According to Replit, Ghostwriter “returns results generated from large language models trained on publicly available code and tuned by Replit.” Replit doesn’t specify either the LLMs or the training corpora it uses for Ghostwriter, which opens it up to the same accusation that Emily Bender made about GPT-4: You should assume Ghostwriter to be toxic trash until and unless Replit is open about its training data, model architecture, etc. It also opens Replit up to the same accusations of “open-source software piracy” making their way through the courts about GitHub Copilot.
Tabnine
Tabnine, from a company of the same name in Tel Aviv, looks like IntelliSense on steroids, and can optionally train on your own code corpus as well as on open-source code. It does whole-line and full-function code completions in your editor or IDE, with support for 20 such tools, from Visual Studio Code and IntelliJ to Emacs and Vim.

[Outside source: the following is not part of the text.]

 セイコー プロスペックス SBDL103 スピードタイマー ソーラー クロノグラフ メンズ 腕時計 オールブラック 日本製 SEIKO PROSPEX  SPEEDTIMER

Depending on the plan you choose, Tabnine can use a generic AI model trained on open-source code with permissive licenses, or a set of generative AI models optimized for all programming languages, “specialized to match your tech stack,” or a private code model trained on your own repositories.

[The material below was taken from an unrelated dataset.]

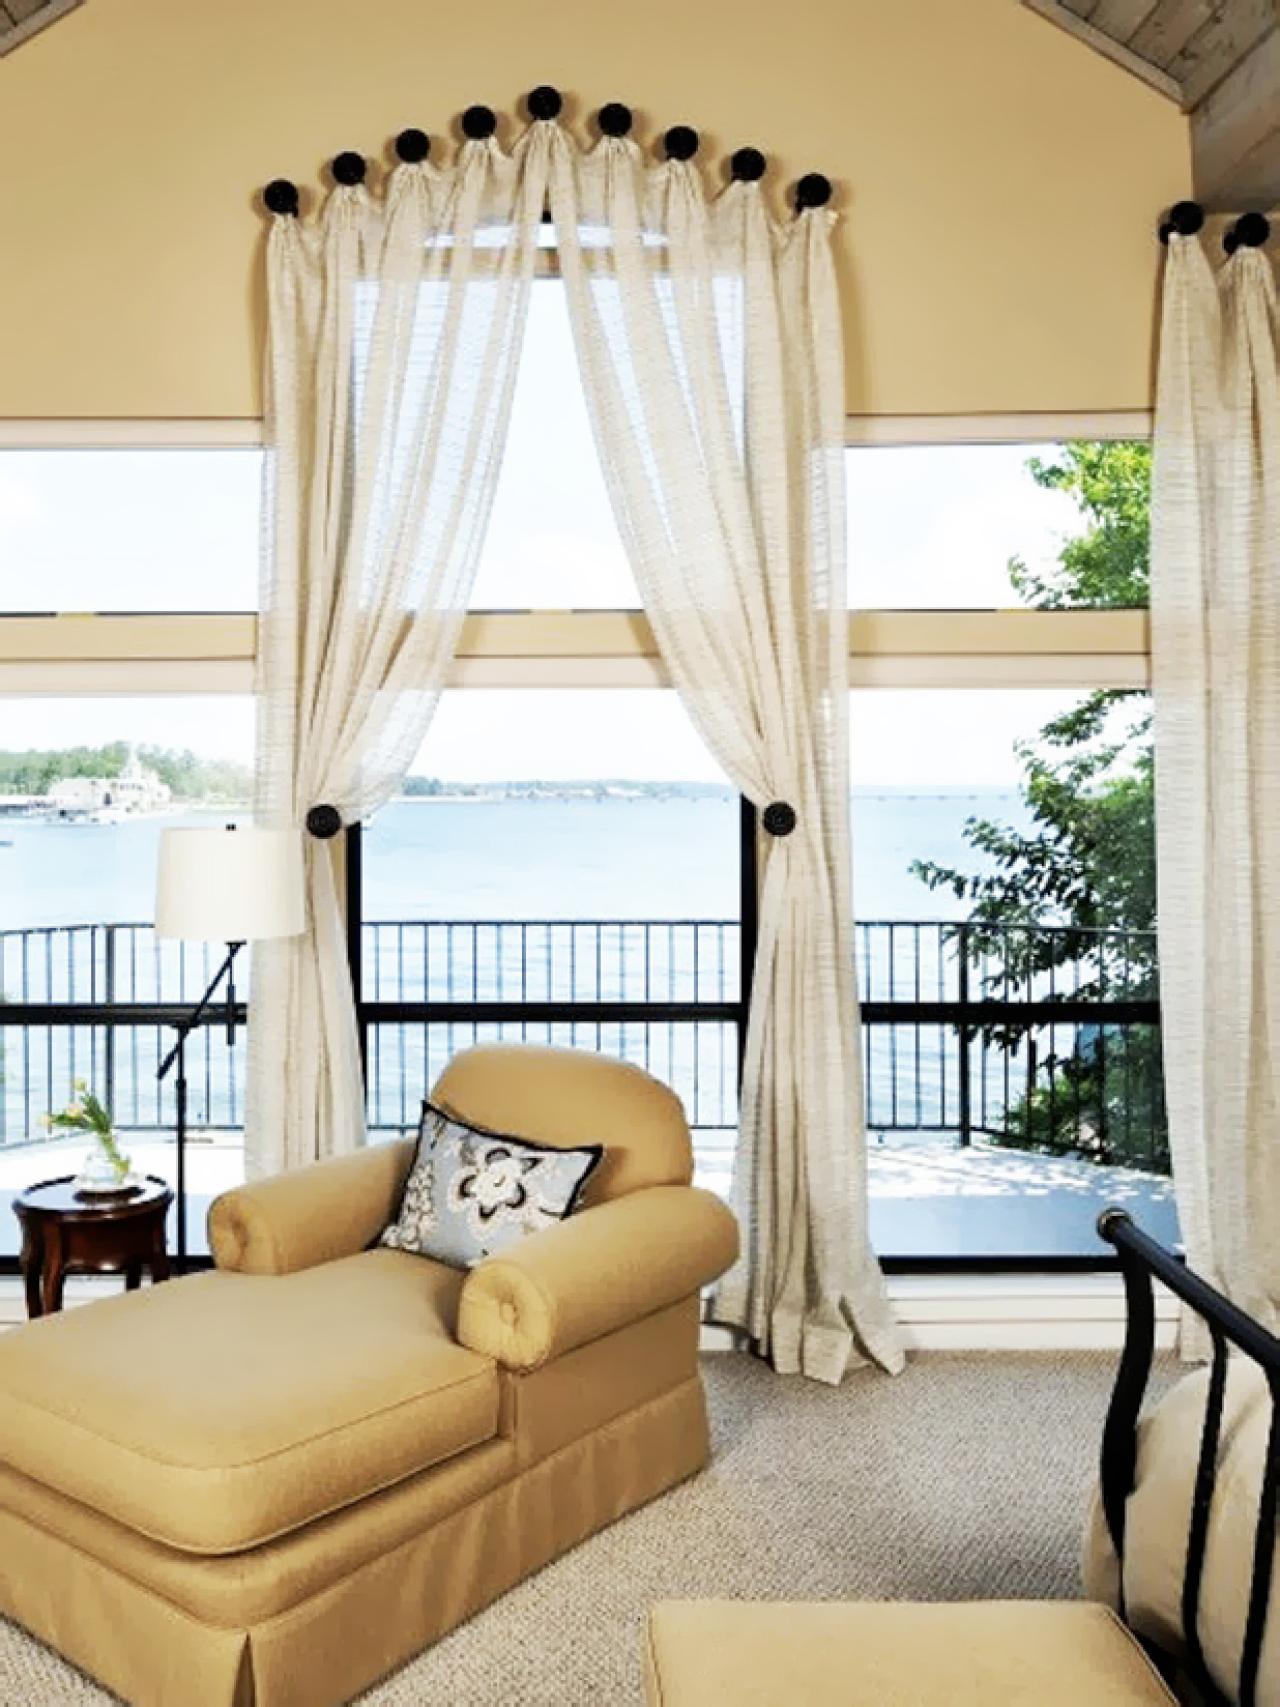 Dreamy Bedroom Window Treatment Ideas | Bedrooms & Bedroom ...

Tabnine’s free Starter plan only does basic code completion. The Pro plan does whole-line and full-function code completions for $12 per user per month. Tabnine has not disclosed its model architecture or training corpora. So, by the Emily Bender principle, you should assume the worst about any code it generates.

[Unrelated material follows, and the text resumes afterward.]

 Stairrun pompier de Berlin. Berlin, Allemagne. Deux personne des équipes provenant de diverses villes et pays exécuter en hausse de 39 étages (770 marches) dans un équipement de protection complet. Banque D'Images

Large language models can sometimes work to generate or complete code, whether or not they’ve been trained on code corpora. Language models that have been trained on code tend to know more about the importance of whitespace. And code generation products such as OpenAI Codex and Tabnine often have better integrations with programming editors than more generic language models.
We should expect AI code generators to improve with time and use. GitHub Copilot X is better than the original Copilot, and I’m confident the next Copilot will be better still. Nevertheless, you can never assume that code generated by AI of any kind is correct or efficient, or even that it will compile and run. You should always treat AI-generated code like a pull request from an unknown programmer, which means reviewing it, testing it, and debugging it before making it part of your application.